• _Data shown_:
+--
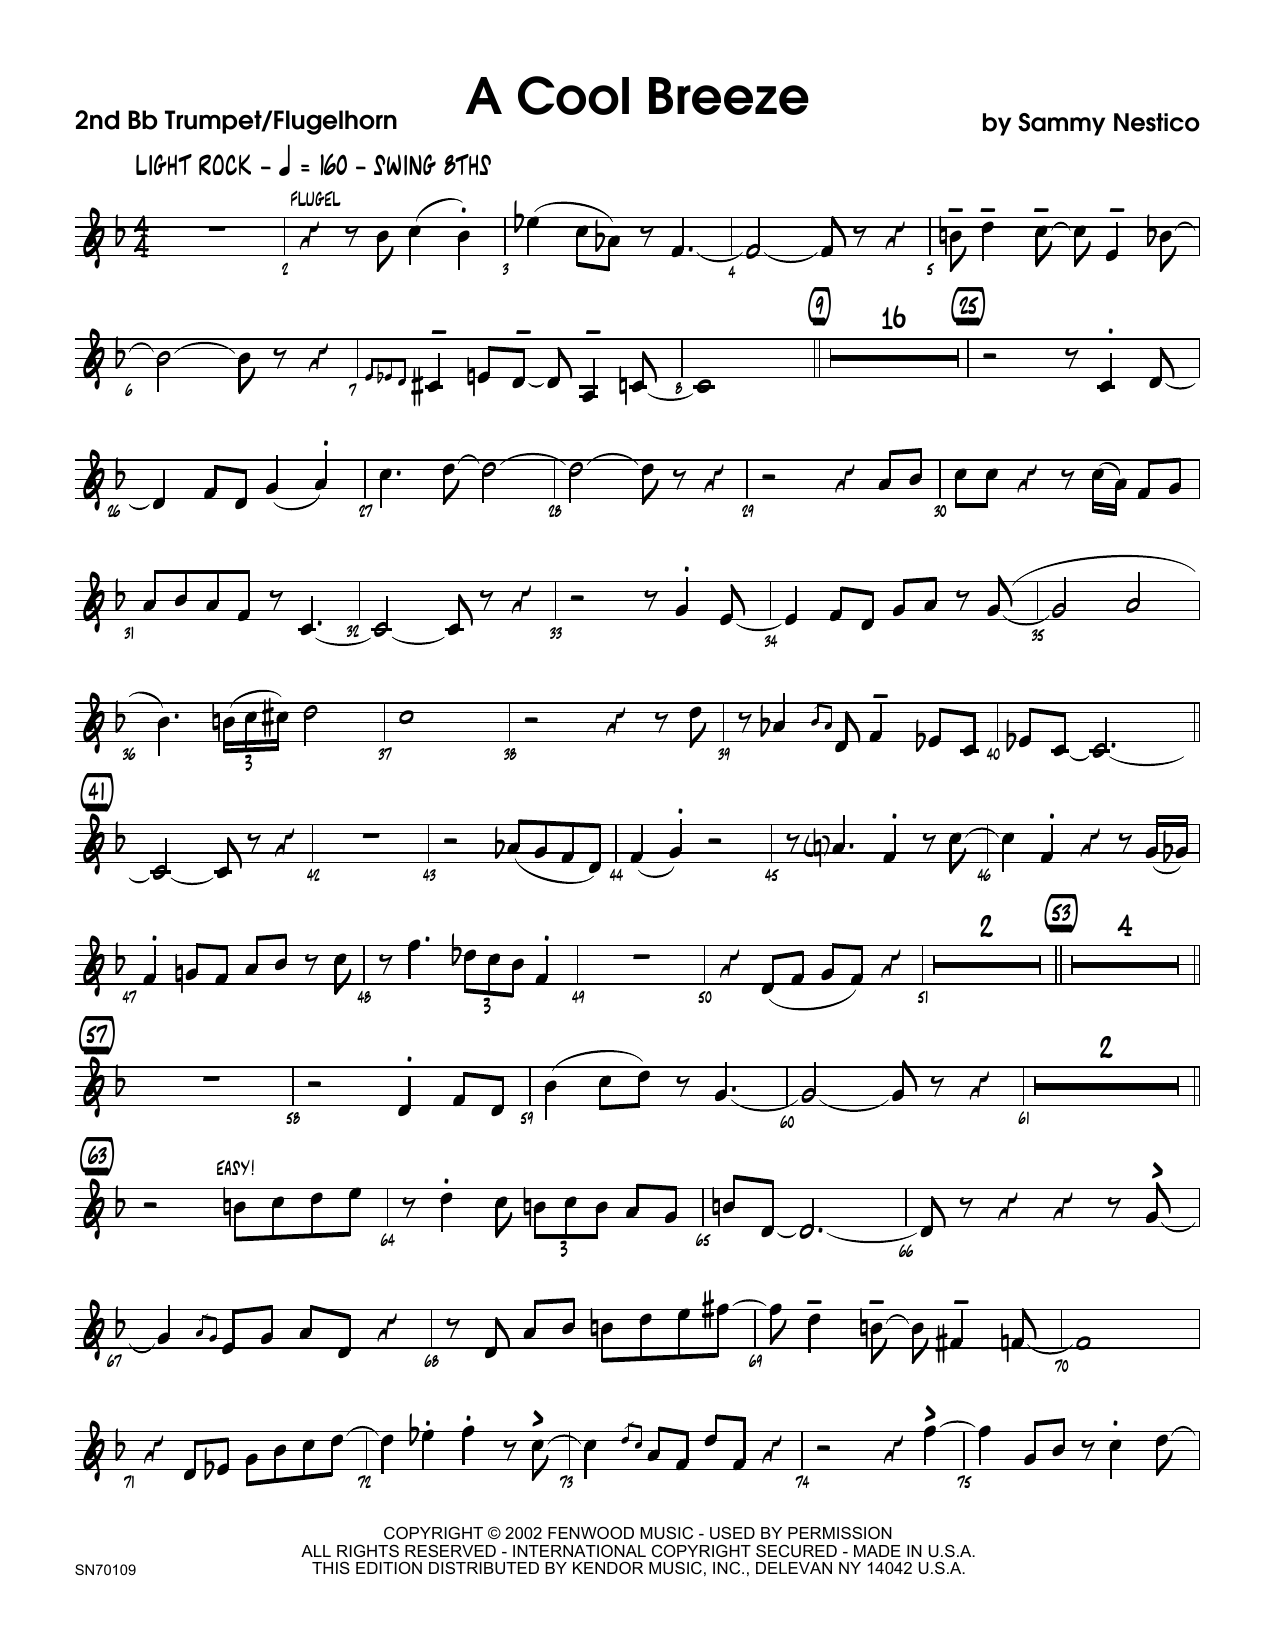 Download Sammy Nestico A Cool Breeze - 2nd Bb Trumpet Sheet Music
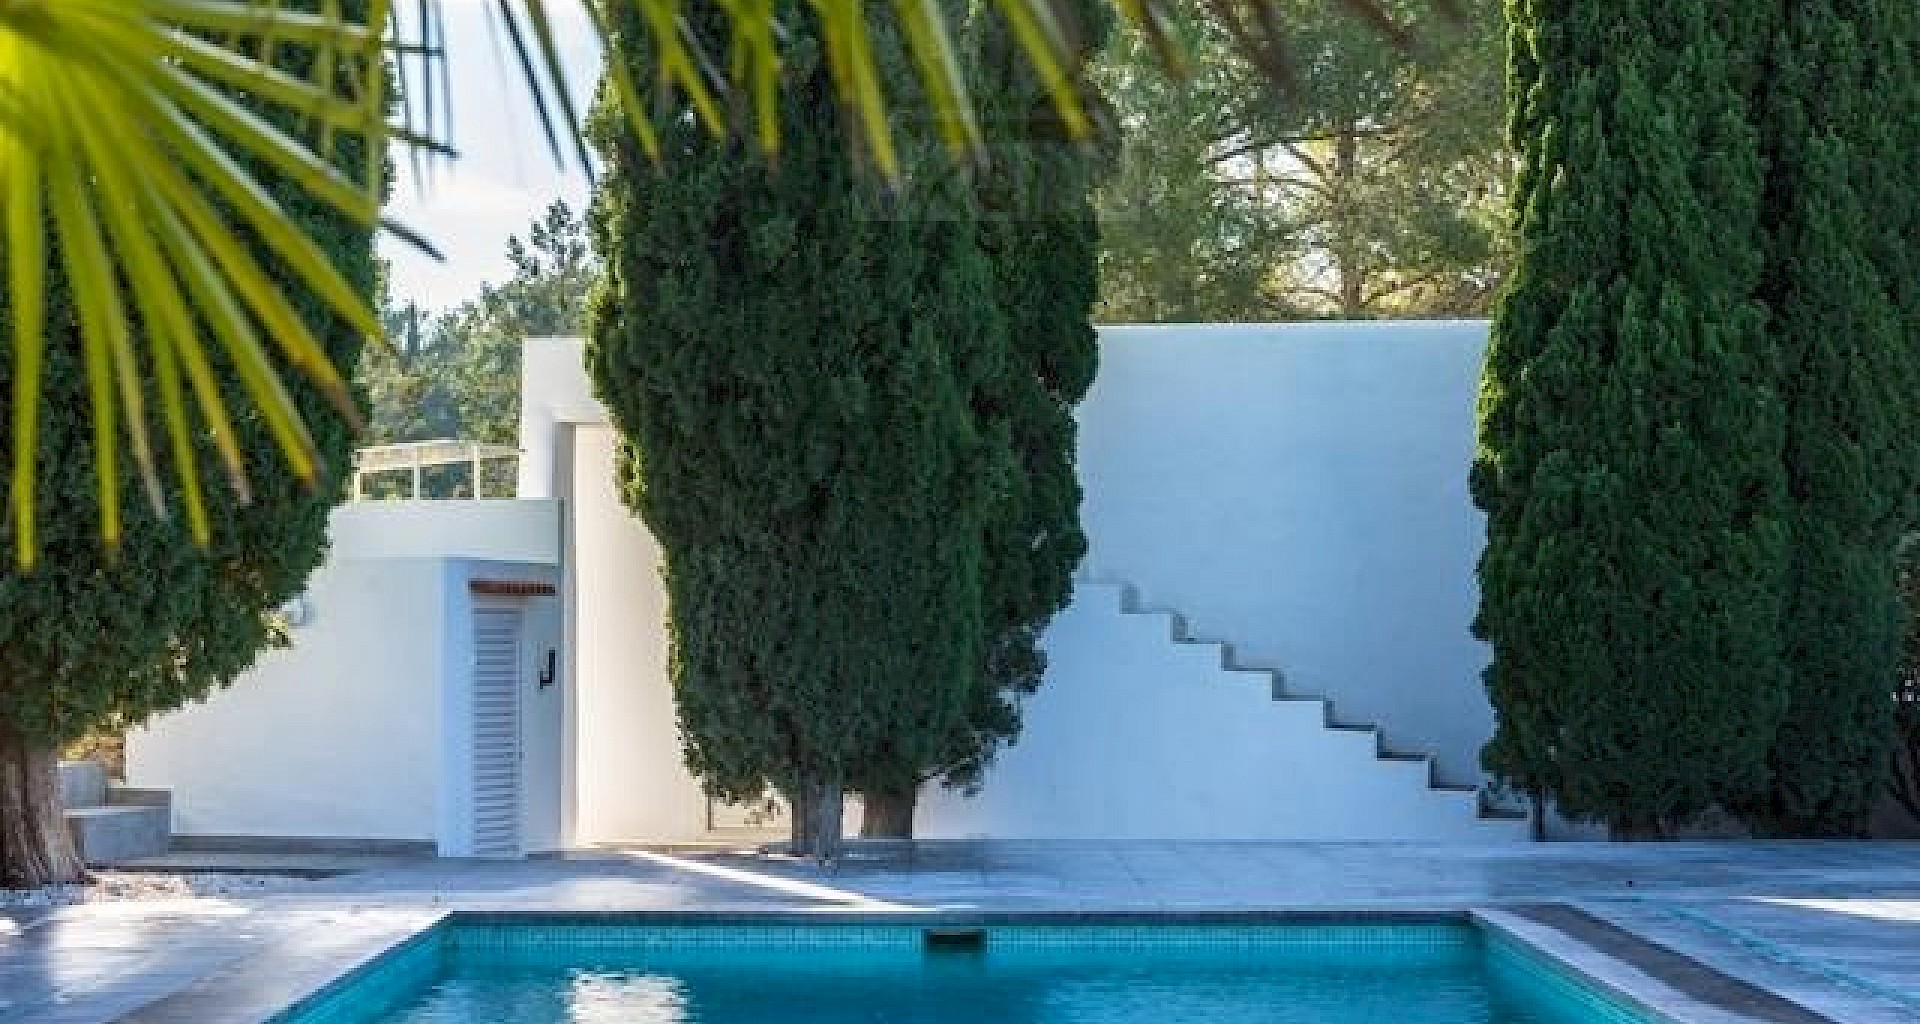 KROHN & LUEDEMANN Casa completamente renovada en Ibiza con piscina y mucha privacidad Benimussa (16)
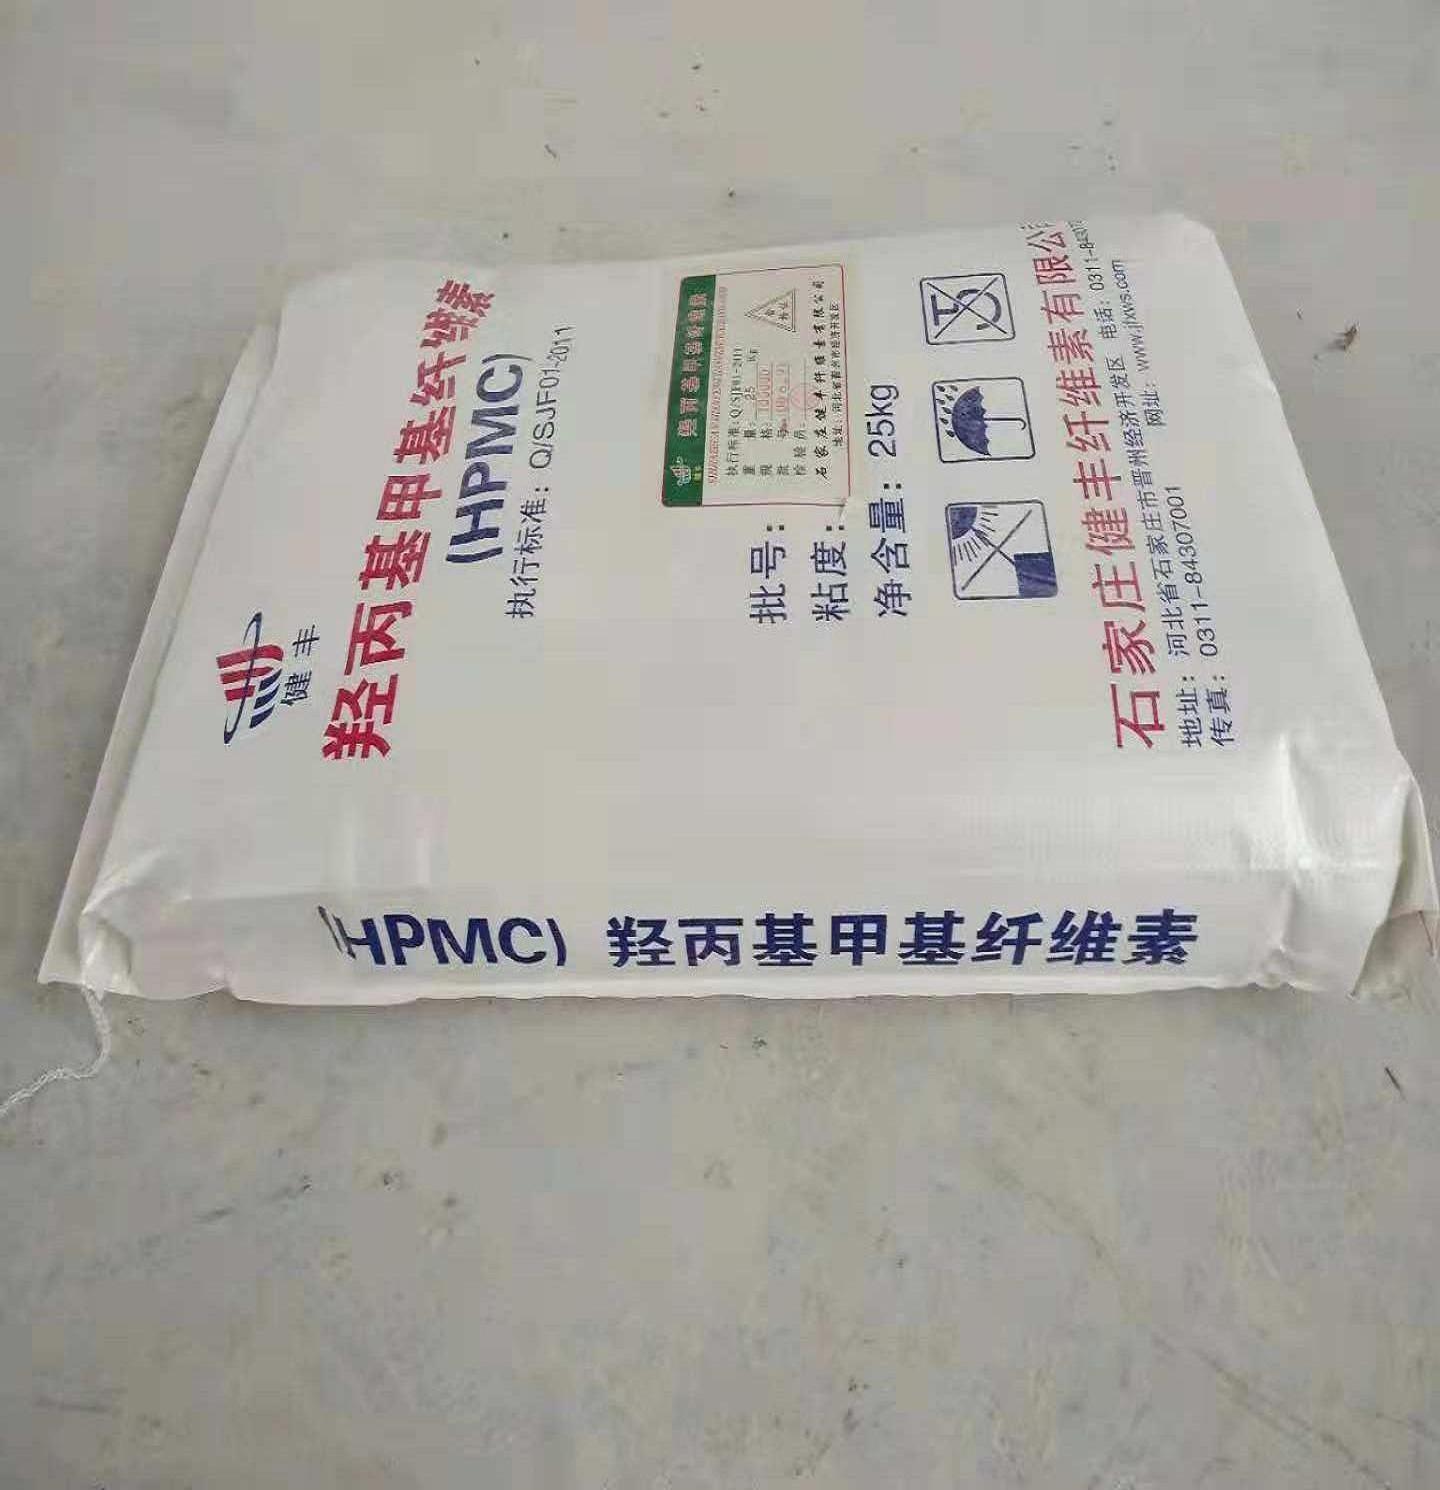 抹面砂浆HPMC纤维素生产厂家 保温砂浆纤维素生产厂家 高粘羟丙基甲基纤维素 高低粘羟丙基甲基纤维素
+--
• _Your goal_:
Write out again, word for word, the lines from the one holding "KROHN & LUEDEMANN" through the final line of the listing, including both ends but no pictures.

• _Reply_:
 KROHN & LUEDEMANN Casa completamente renovada en Ibiza con piscina y mucha privacidad Benimussa (16)
 抹面砂浆HPMC纤维素生产厂家 保温砂浆纤维素生产厂家 高粘羟丙基甲基纤维素 高低粘羟丙基甲基纤维素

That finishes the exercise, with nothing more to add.